We know from this topic that under a conformal change $g_f=e^fg$

$\displaystyle {\rm Scal}_{{g_f}} = {e^{ - f}}\left( {{\rm Scal}_g - \left( {n - 1} \right)\Delta f - \frac{{\left( {n - 1} \right)\left( {n - 2} \right)}}{4}|\nabla f{|^2}} \right)$.

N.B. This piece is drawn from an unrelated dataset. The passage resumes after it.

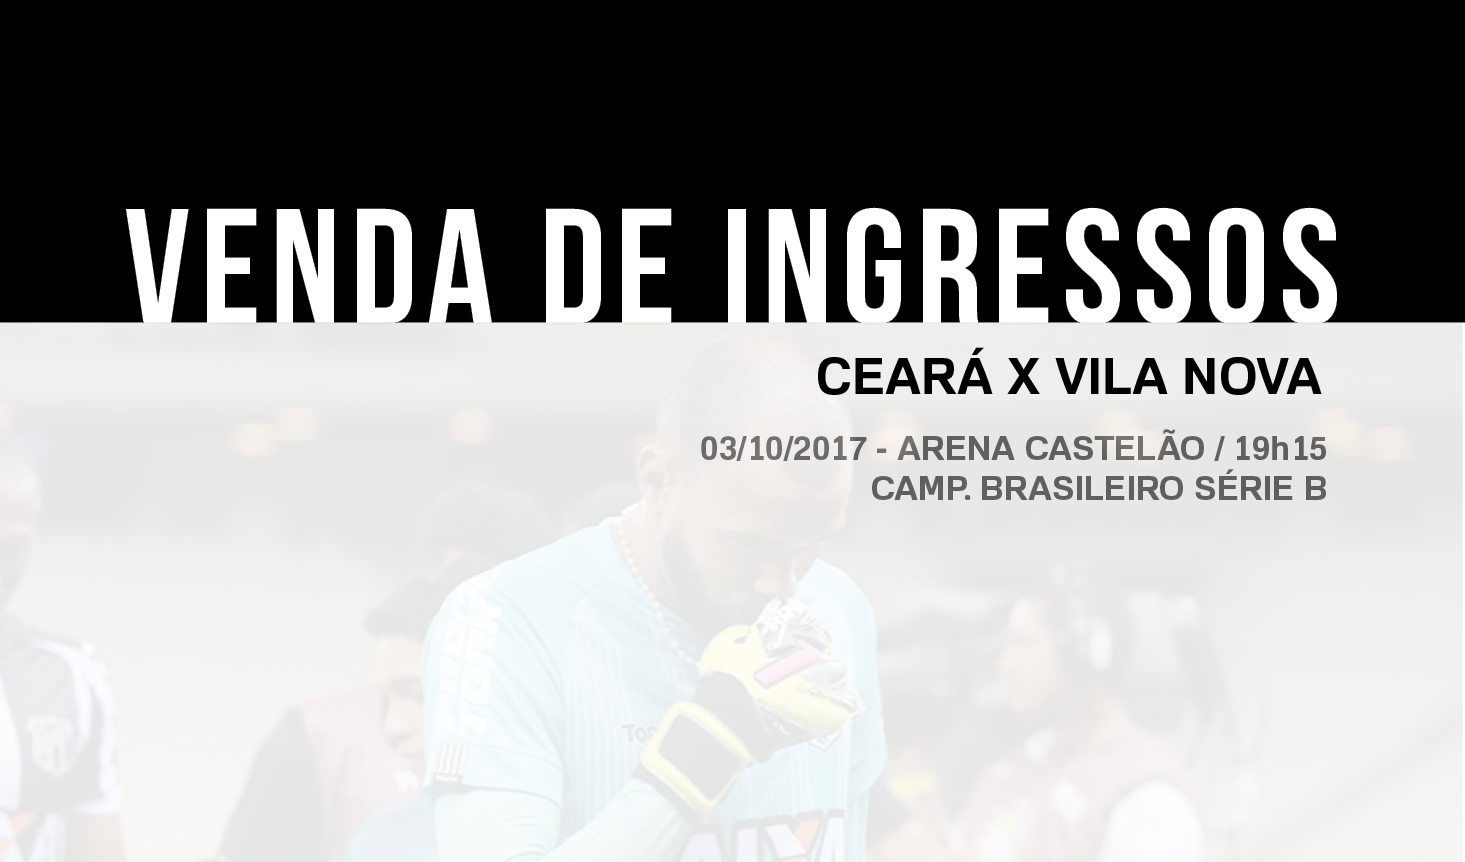 Ceará x Vila Nova: Confira informações sobre a venda de ingressos

By using example 1, we firstly have

$\displaystyle\begin{gathered} {L_{{g_\omega }}} = \left( { - {\Delta _{{g_\omega }}} + \frac{{n - 2}}{{4(n - 1)}}{\rm Scal}_{{g_f}}} \right) \hfill \\ \qquad= - {e^{ - 2\omega }}{\Delta _g} + \frac{{n - 2}}{{4(n - 1)}}{\rm Scal}_{{g_f}} \hfill \\ \qquad= - {e^{ - 2\omega }}{\Delta _g} + \frac{{n - 2}}{{4(n - 1)}}{e^{ - 2\omega }}\left( {{\rm Scal}_g - 2\left( {n - 1} \right)\Delta \omega - \left( {n - 1} \right)\left( {n - 2} \right)|\nabla \omega {|^2}} \right) \hfill \\ \qquad= {e^{ - 2\omega }}\left[ { - {\Delta _g} + \frac{{n - 2}}{{4(n - 1)}}\left( {{\rm Scal}_g - 2\left( {n - 1} \right)\Delta \omega - \left( {n - 1} \right)\left( {n - 2} \right)|\nabla \omega {|^2}} \right)} \right], \hfill \\ \end{gathered}$

i.e.,

$\displaystyle {L_{{g_\omega }}}(\varphi ) = {e^{ - 2\omega }}\left[ { - {\Delta _g}(\varphi ) + \frac{{n - 2}}{{4(n - 1)}}{\rm Scal}_g\varphi - \left( {2\left( {n - 1} \right)\Delta \omega + \left( {n - 1} \right)\left( {n - 2} \right)|\nabla \omega {|^2}} \right)\varphi } \right]$.

Next we have

$\displaystyle\begin{gathered} {L_g}\left( {{e^{\frac{{n - 2}}{2}\omega }}\varphi } \right) = \left( { - {\Delta _g} + \frac{{n - 2}}{{4(n - 1)}}{\rm Scal}_g} \right)\left( {{e^{\frac{{n - 2}}{2}\omega }}\varphi } \right) \hfill \\ \qquad= - {\Delta _g}\left( {{e^{\frac{{n - 2}}{2}\omega }}\varphi } \right) + \frac{{n - 2}}{{4(n - 1)}}{\rm Scal}_g{e^{\frac{{n - 2}}{2}\omega }}\varphi \hfill \\ \qquad= - {\Delta _g}\left( {{e^{\frac{{n - 2}}{2}\omega }}} \right)\varphi - 2\left\langle {\nabla {e^{\frac{{n - 2}}{2}\omega }},\nabla \varphi } \right\rangle - {\Delta _g}(\varphi ){e^{\frac{{n - 2}}{2}\omega }} + \frac{{n - 2}}{{4(n - 1)}}{\rm Scal}_g{e^{\frac{{n - 2}}{2}\omega }}\varphi \hfill \\ \qquad= {e^{\frac{{n - 2}}{2}\omega }}\left[ { - {\Delta _g}(\varphi ) - 2\left\langle {\nabla {e^{\frac{{n - 2}}{2}\omega }},\nabla \varphi } \right\rangle {e^{ - \frac{{n - 2}}{2}\omega }} - {\Delta _g}\left( {{e^{\frac{{n - 2}}{2}\omega }}} \right){e^{ - \frac{{n - 2}}{2}\omega }}\varphi + \frac{{n - 2}}{{4(n - 1)}}{\rm Scal}_g\varphi } \right] \hfill \\ \end{gathered}$

which shows that

$\displaystyle {L_{{g_\omega }}}(\varphi ) = {e^{ - \frac{{n + 2}}{2}\omega }}{L_g}\left( {{e^{\frac{{n - 2}}{2}\omega }}\varphi } \right)$.